Interplay of spin waves and vortices in the 2D XY model at small vortex-core energy

TL;DR

This paper investigates the complex interactions between spin waves and vortices in the 2D XY model, introducing a modified model and a two-step theoretical approach that aligns well with Monte-Carlo simulations, enhancing understanding of vortex unbinding.

Contribution

The study develops optimized initial conditions for BKT flow equations and applies a modified XY model with increased vortex fugacity to better understand vortex-spin wave interplay.

Findings

Two-step approach accurately reproduces Monte-Carlo results

Modified XY model with high vortex fugacity studied

Vortex unbinding described by nonperturbative functional renormalisation group

Abstract

The Berezinskii-Kosterlitz-Thouless (BKT) mechanism describes universal vortex unbinding in many two-dimensional systems, including the paradigmatic XY model. However, most of these systems present a complex interplay between excitations at different length scales that complicates theoretical calculations of nonuniversal thermodynamic quantities. These difficulties may be overcome by suitably modifying the initial conditions of the BKT flow equations to account for noncritical fluctuations at small length scales. In this work, we perform a systematic study of the validity and limits of this two-step approach by constructing optimised initial conditions for the BKT flow. We find that the two-step approach can accurately reproduce the results of Monte-Carlo simulations of the traditional XY model.

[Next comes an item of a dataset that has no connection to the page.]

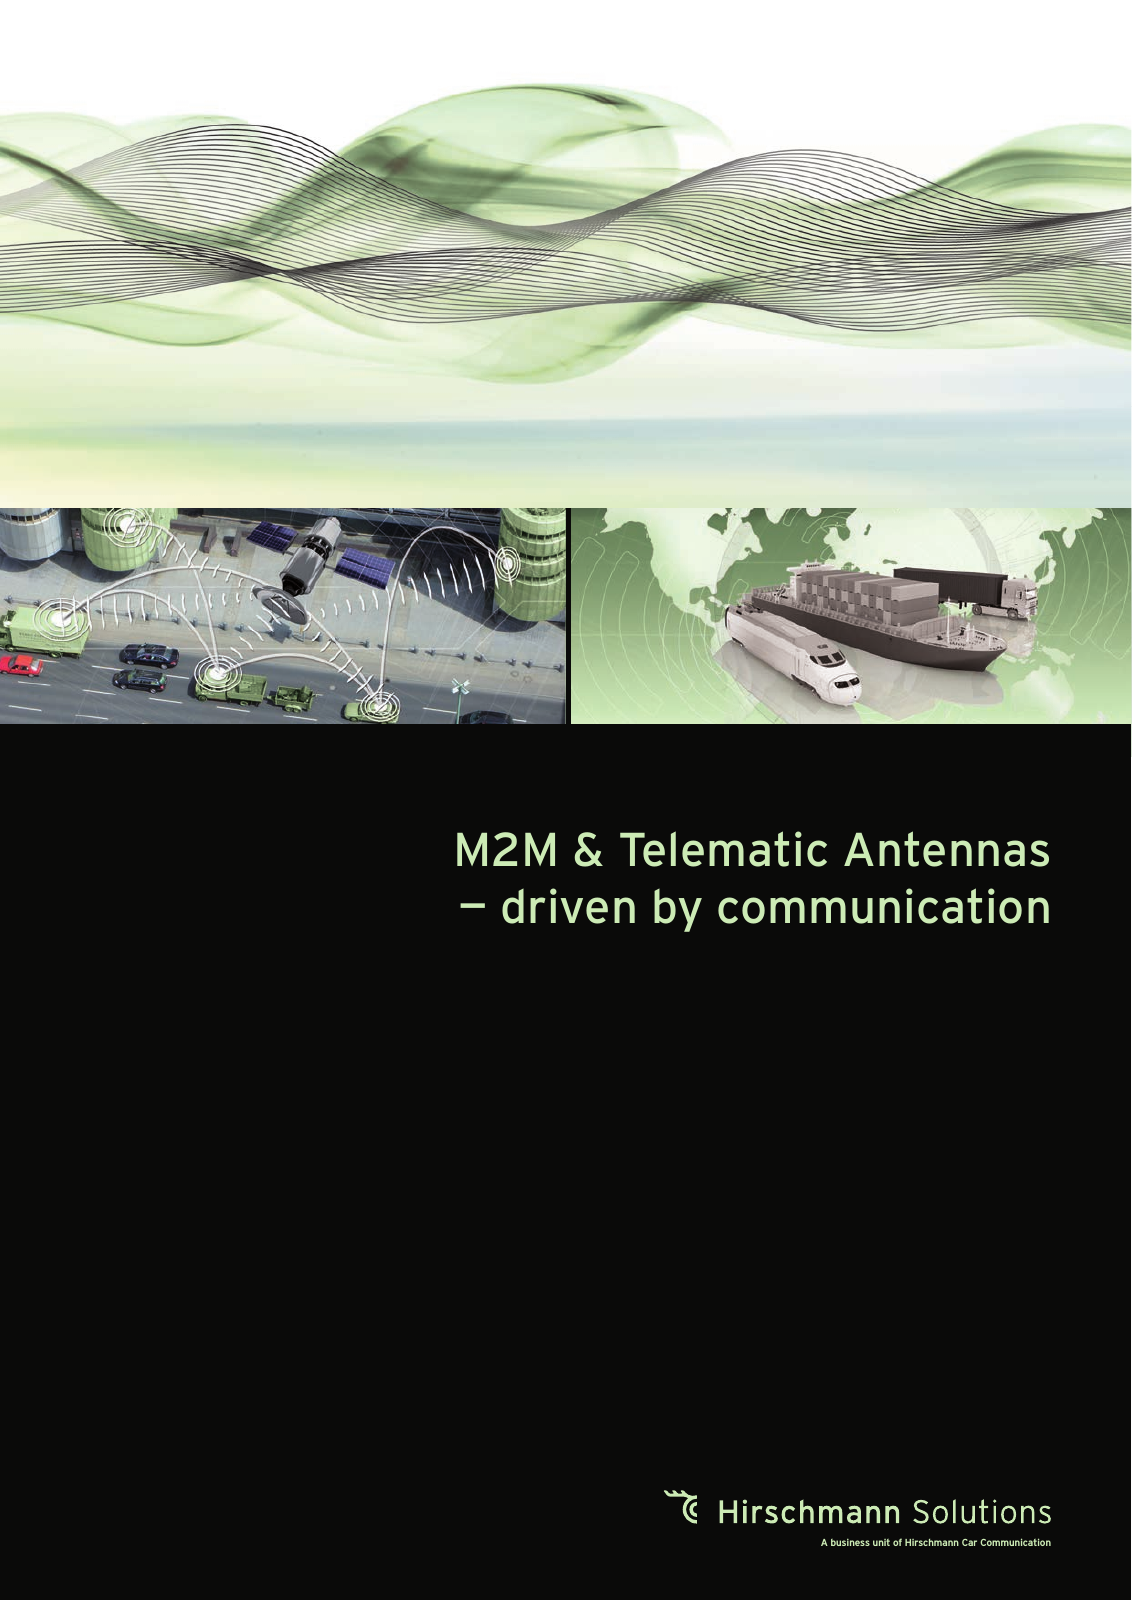 Vorschau Produktkatalog M2M & Telematic Antennas Nov. '16 Seite 1
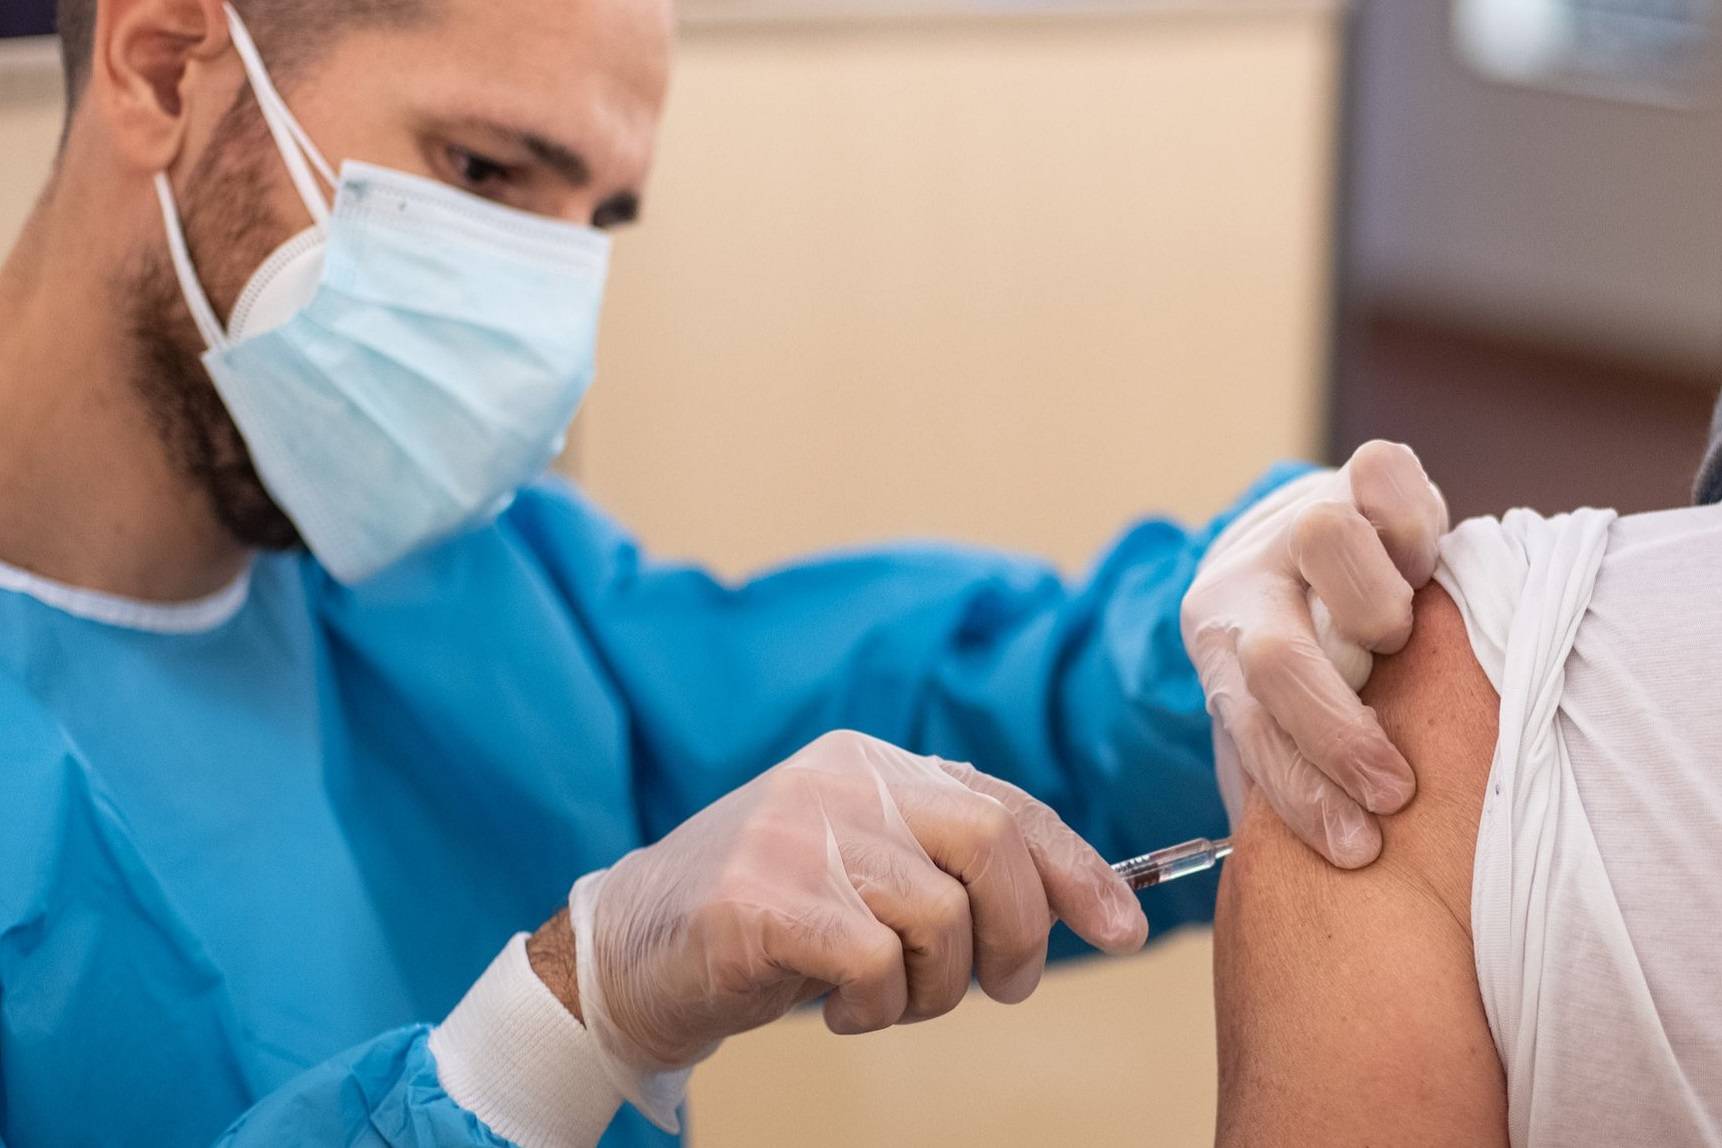 اگر واکسن کووید را دریافت کنید، هنوز ممکن است دیگران را عفونی کنید؟

In order to systematically study the interplay between vortices and spin-wave excitations, we introduce a modified XY model with increased vortex fugacity. We present large-scale Monte-Carlo simulations of the spin stiffness and vortex density for this modified XY model and show that even at large vortex fugacity, vortex unbinding is accurately described by the nonperturbative functional renormalisation group.